Start of Source material

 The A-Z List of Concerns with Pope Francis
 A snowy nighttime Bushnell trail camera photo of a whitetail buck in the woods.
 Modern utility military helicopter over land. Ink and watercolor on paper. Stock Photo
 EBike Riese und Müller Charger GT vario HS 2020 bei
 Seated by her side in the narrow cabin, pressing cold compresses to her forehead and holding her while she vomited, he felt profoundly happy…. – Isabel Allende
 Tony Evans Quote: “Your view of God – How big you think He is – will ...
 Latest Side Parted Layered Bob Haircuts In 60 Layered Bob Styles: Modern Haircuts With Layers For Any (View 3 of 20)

End of Source material

Exercise prompt: Give back the lines of the data exactly as they are written, from the first line through the line containing "Seated by her".

Answer for the task:
 The A-Z List of Concerns with Pope Francis
 A snowy nighttime Bushnell trail camera photo of a whitetail buck in the woods.
 Modern utility military helicopter over land. Ink and watercolor on paper. Stock Photo
 EBike Riese und Müller Charger GT vario HS 2020 bei
 Seated by her side in the narrow cabin, pressing cold compresses to her forehead and holding her while she vomited, he felt profoundly happy…. – Isabel Allende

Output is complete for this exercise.